The following for loop worked perfectly, so I know my problem is with the Parallel class.
for elem in self.batch_result:
response = requests.get(''.join((self.uri, elem)), headers=self.headers)
self.symbol_ids_list.extend(response.json().get('symbols'))
How could I increase the performance of the last for loop without losing data?
UPDATE
A sample of self.batch_result (simplified result) could be ['AAME,ABAC,ABIL,ABIO,ACERW,ACHN,ACHV,ACRX,ACST,ACTG,ADMA,ADMP,ADOM,ADXS,ADXSW,AEHR,AEMD,AETI,AEY,AEZS,AFMD,AGFSW,AGRX,AGTC,AHPAW,AHPI,AIPT,AKER,AKTX,ALIM,ALJJ,ALQA,ALSK,ALT,AMCN,AMDA,AMMA,AMRH,AMRHW,AMRN,AMRWW,AMTX,ANDAR,ANDAW,ANTH,ANY,APDN,APDNW,APOPW,APPS,APRI,APTO,APVO,APWC,AQB,AQMS,ARCI,ARCW,ARDM,AREX,ARGS,ARLZ,ARQL,ARTW,ARTX,ASFI,ASNA,ASRV,ASTC,ATACR,ATEC,ATHX,ATLC,ATOS,ATRS,AUTO,AVEO,AVGR,AVID,AVXL,AWRE,AXAS,AXON,AXSM,AYTU,AZRX,BASI,BBOX,BBRG,BCACR,BCACW,BCLI,BDSI,BHACR,BHACW,BIOC,BIOL,BIOS,BKEP,BKYI', 'BLDP,BLIN,BLNK,BLNKW,BLPH,BLRX,BMRA,BNSO,BNTC,BNTCW,BOSC,BOXL,BPTH,BRACR,BRACW,BRPAR,BRPAW,BSPM,BSQR,BUR,BURG,BVSN,BVXVW,BWEN,BYFC,CAAS,CADC,CALI,CAPR,CARV,CASI,CASM,CATB,CATS,CBAK,CBLI,CCCL,CCCR,CCIH,CDMO,CDTI,CELGZ,CERCW,CETV,CETX,CETXW,CFBK,CFMS,CFRX,CGEN,CGIX,CGNT,CHCI,CHEK,CHEKW,CHFS,CHKE,CHMA,CHNR,CIDM,CJJD,CKPT,CLDC,CLDX,CLIR,CLIRW,CLNE,CLRB,CLRBW,CLRBZ,CLSN,CLWT,CMSSR,CMSSW,CNACR,CNACW,CNET,CNIT,CNTF,CODA,CODX,COGT,CPAH,CPLP,CPRX,CPSH,CPSS,CPST,CREG,CRIS,CRME,CRNT,CSBR,CTHR,CTIB,CTIC,CTRV,CTXR,CTXRW,CUI', 'CUR,CVONW,CXDC,CXRX,CYCC,CYHHZ,CYRN,CYTR,CYTX,CYTXW,DARE,DCAR,DCIX,DELT,DEST,DFBG,DFFN,DGLY,DHXM,DLPN,DLPNW,DMPI,DOGZ,DOTAR,DOTAW,DRAD,DRIO,DRIOW,DRRX,DRYS,DSKEW,DSWL,DTEA,DTRM,DXLG,DXYN,DYNT,DYSL,EACQW,EAGLW,EARS,EASTW,EBIO,EDAP,EFOI,EGLT,EKSO,ELECW,ELGX,ELON,ELSE,ELTK,EMITF,EMMS,ENG,ENPH,ENT,EPIX,ESEA,ESES,ESTRW,EVEP,EVGN,EVK,EVLV,EVOK,EXFO,EXXI,EYEG,EYEGW,EYES,EYESW,FCEL,FCRE,FCSC,FFHL,FLGT,FLL,FMCIR,FMCIW,FNJN,FNTEW,FORD,FORK,FPAY,FRAN,FRED,FRSX,FSACW,FSNN,FTD,FTEK,FTFT,FUV,FVE,FWP,GALT,GASS,GCVRZ,GEC']
and self.uri is simply 'https://api01.iq.questrade.com/v1/symbols?names=' as seen in the above Questrade API link.
UPDATE 2
The Marat's answer was a good try but didn't give me a better result.

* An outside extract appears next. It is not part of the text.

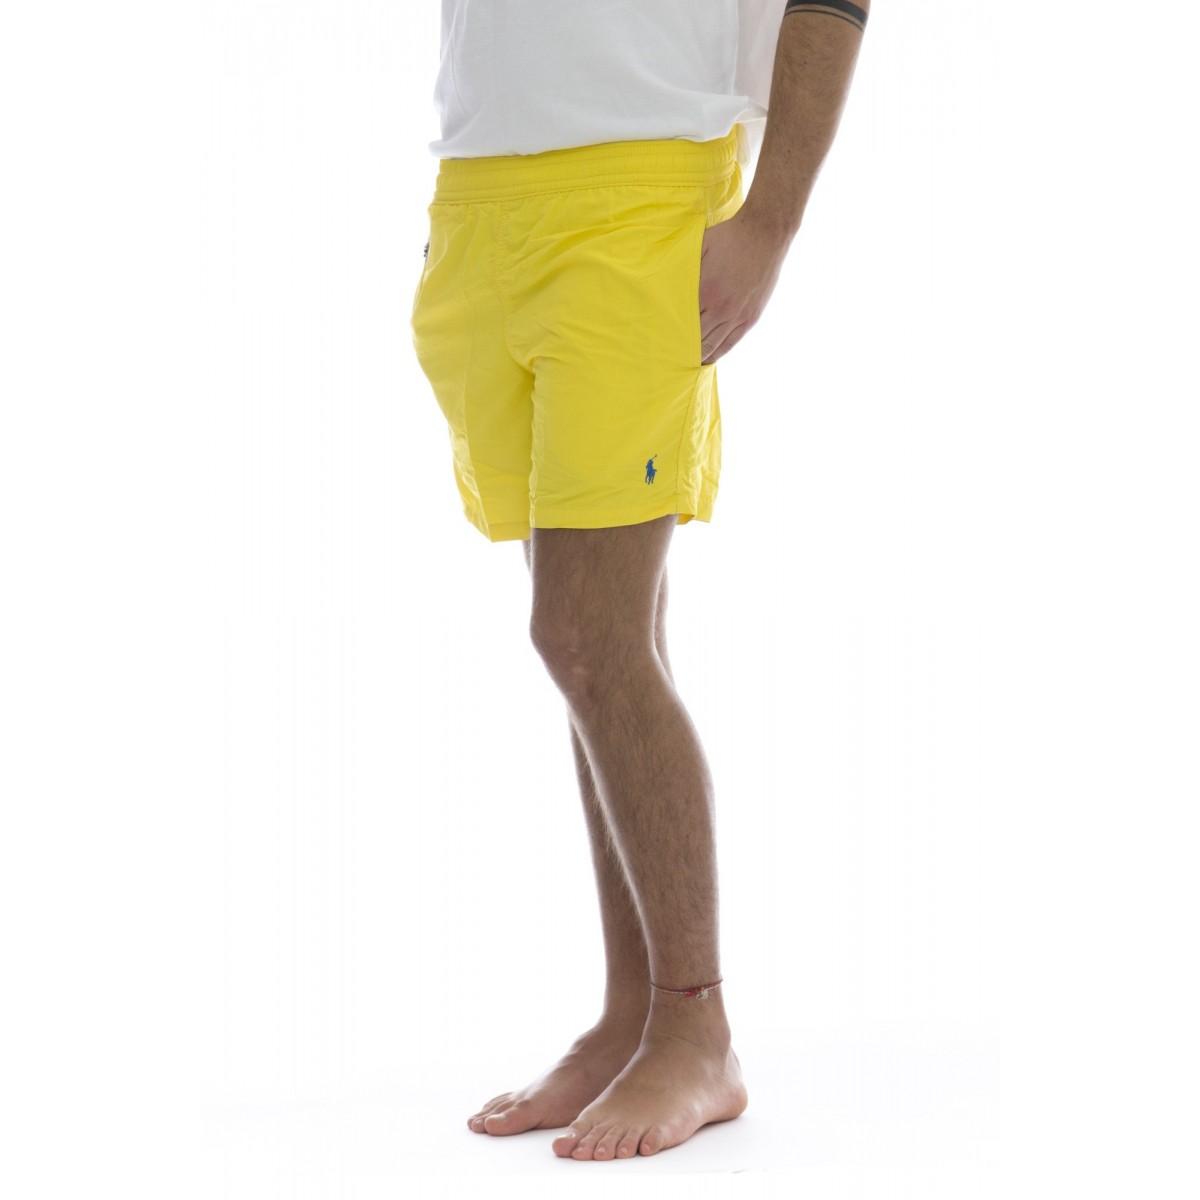 Bermuda - A75aw452y3182 short tinta unita

The first test gave me 31,356 (or 10,452 if I divide that result by 3) instead of 10,900. The second test just gave me 0 or the process block completely.
I found out that the Maximum allowed requests per second is 20. Link : http://www.questrade.com/api/documentation/rate-limiting. How could I increase the performance of the last for loop without losing data in considering that new information?

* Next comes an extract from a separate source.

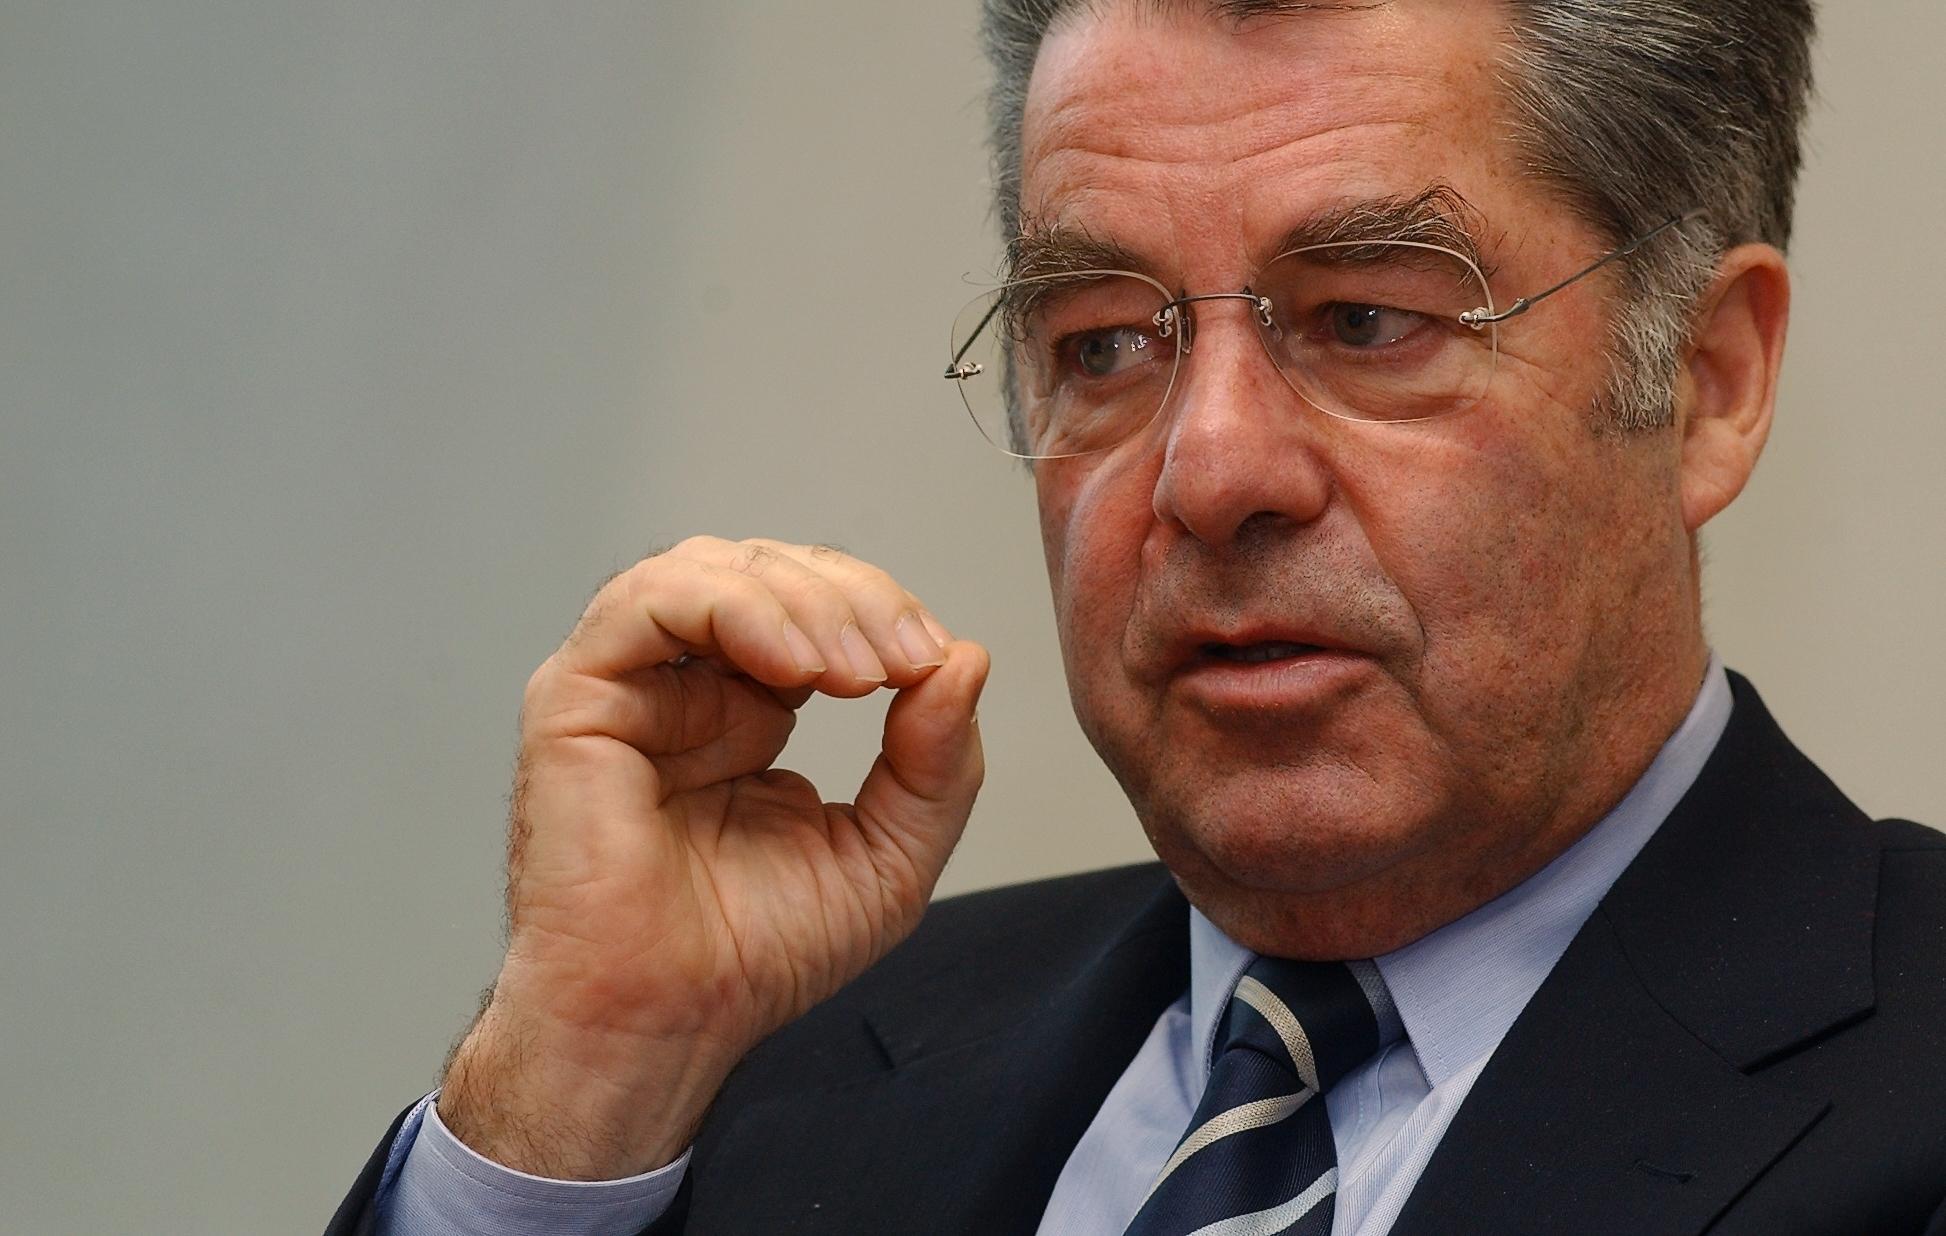 Хайнц Фишер: Товарооборот между Австрией и Азербайджаном вырос в 10 раз за последнее десятилетие

If you are not stuck with using joblib you could try some standard library parallel processing modules. In python2/3 multiprocessing.Pool is available and provides functions for mapping a task across parallel threads. A simplified version would look like this:
from multiprocessing import Pool
import requests
HEADERS = {} # define headers here
def parallel_request(symbols):
response = requests.get('https://api01.iq.questrade.com/v1/symbols?names={}'.format(symbols), headers=HEADERS)
return response.json()
if __name__ == '__main__':
p = Pool()
batch_result = ['AAME,ABAC,ABIL,...',
'BLDP,BLIN,BLNK,...',
'CUR,CVONW,CXDC,...',
...]
p.map(parallel_request, batch_result) # will return a list of len(batch_result) responses
There are asynchronous and iterable versions of map that you would probably want for larger sized jobs, and of course you could add parameters to your parallel_requests task to avoid hard coding things like I did. A caveat with using Pool is that any arguments passed to it have to be picklable.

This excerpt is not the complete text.